The big data cluster at China Telecom generates an enormous amount of data on a daily basis, with individual business operations reaching the PB level per day. The cluster is also burdened with a significant amount of expired and redundant data, which creates storage issues. Additionally, each provincial company has its own cluster, and there is a group big data cluster that collects business information from all provinces throughout the country. This leads to scattered and redundant data, and as a result, data between the provincial and group clusters cannot be shared. Consequently, cross-regional tasks experience significant delays.

Back in 2012, China Telecom started developing various clusters, with internal clusters being deployed by different vendors or internal teams. These clusters supported business operations managed by multiple vendors, who also provided the maintenance teams. Consequently, the clusters included a variety of versions such as Apache, CDH, HDP, and others. However, as the cluster size grew, the pressure on operations and maintenance intensified, and addressing issues often required vendor assistance, which is not a sustainable approach.

To address the current clusters' pain points, enhance cluster security, increase efficiency, and meet the demands of both internal and external stakeholders, China Telecom established a team dedicated to the development of the internal PaaS platform in 2021. Over the course of two years, the PaaS team has concentrated on refining the existing clusters, guaranteeing the stable operation of tens of thousands of machines within the current clusters.

In early 2022, the PaaS team started developing their own big data platform, called TDP (TelecomDataPlatform), with the aim of progressively replacing existing clusters. In the first half of 2022, two new clusters based on Hadoop 2 were deployed using TDP and brought into production. During the second half of 2022, the PaaS team developed TDP based on Hadoop 3 and started tackling the challenge of upgrading numerous Hadoop 2 clusters within the live network.

Thoughts on Upgrades

While upgrading the clusters, the goal is for the new cluster design to resolve current pain points, integrate cutting-edge industry features, and be prepared for future technological iterations.

The following are the issues we hope to address:

Divide into small clusters

We plan to split the large cluster into smaller ones for the following reasons:

From the standpoint of machine resources, it is impractical to use several thousand machines simultaneously for migrating existing businesses. Moreover, for some critical businesses that demand high SLA guarantees, It is not feasible to directly upgrade from Hadoop 2 to Hadoop 3 in the production environment.

Each cluster contains numerous business operations, and dividing the large cluster into smaller clusters enables us to separate them based on their respective operations. This minimizes the impact between operations and reduces the pressure and risk associated with business migration. Splitting into smaller clusters also enhances the overall cluster stability, preventing issues with a single task from causing instability in the entire cluster and allowing for better stability management.

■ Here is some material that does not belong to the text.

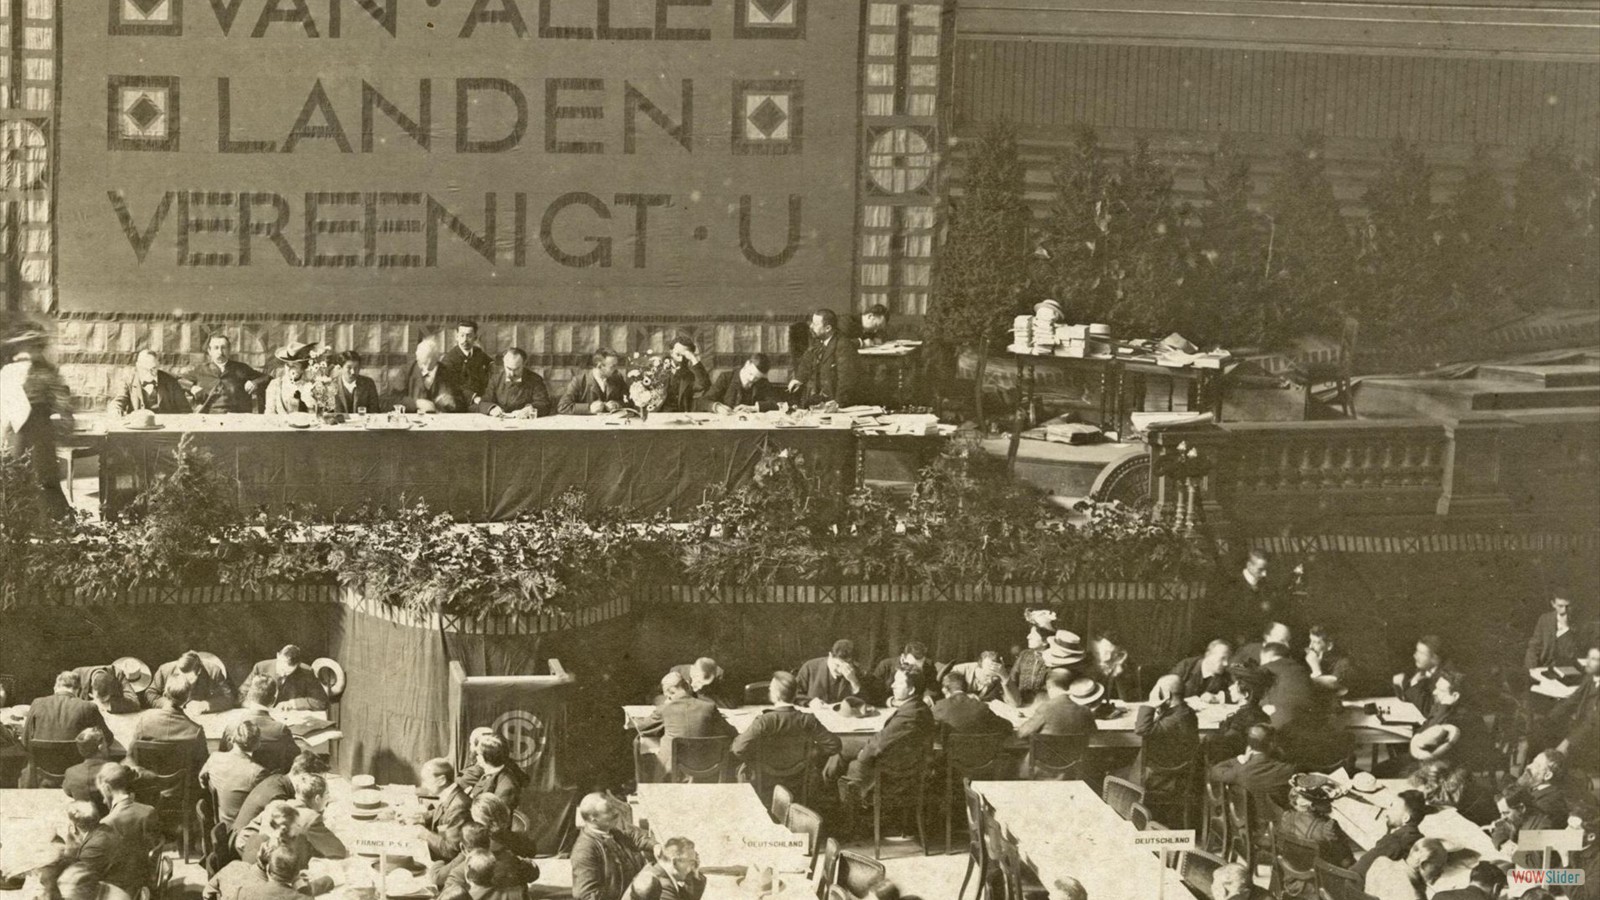 1904 Socialist International Congress in Amsterdam

For instance, some machine learning tasks might not use tools like Spark or Machine Learning libraries, but rather directly invoke Python libraries within their own programs. These operations have no thread usage limit. Consequently, even if a task requests only 2 cores and 10GB of memory, it may overload the machine's resources and generate a load of over 100. By dividing it into smaller clusters, we can minimize the impact between tasks, particularly when the platform needs to execute critical tasks. Additionally, with smaller nodes, managing operations and maintenance tasks become relatively easier.

Furthermore, dividing the cluster can prevent Namenode and Hive metadata from bloating and alleviate overall operational pressure. Therefore, our plan is to upgrade by splitting the large cluster into smaller ones, provided that it is feasible for the business.

Smooth Upgrade process

When splitting into smaller clusters, there are two dimensions to consider: data and computation. Data migration can be time-consuming, and for complex businesses, computation may also take a long time. As such, we need to find a way to separate the migration of data and computation, maximizing parallel processing between these two clusters.

Inter-cluster data access problem

Once we split the large cluster into smaller clusters, we need to address how to facilitate data sharing between these clusters. Furthermore, our internal system comprises tens of thousands of machines and a vast amount of data, leading to persistent challenges in managing data migration, redundancy, as well as hot and cold data.

Big data and AI integration Demands

Our PaaS platform is progressively taking on a wide range of AI demands, and one of the most prominent is the storage of unstructured data. The integration of this requirement with existing structured and semi-structured data storage is also at the forefront of industry trends.

Cost reduction and efficiency improvement

After splitting the large cluster into smaller clusters, resources may become scarcer, particularly since different clusters may have varying usage patterns. Some clusters may only be utilized during holidays, weekends, or daily batch computing. Thus, it is crucial to maximize the utilization of idle resources.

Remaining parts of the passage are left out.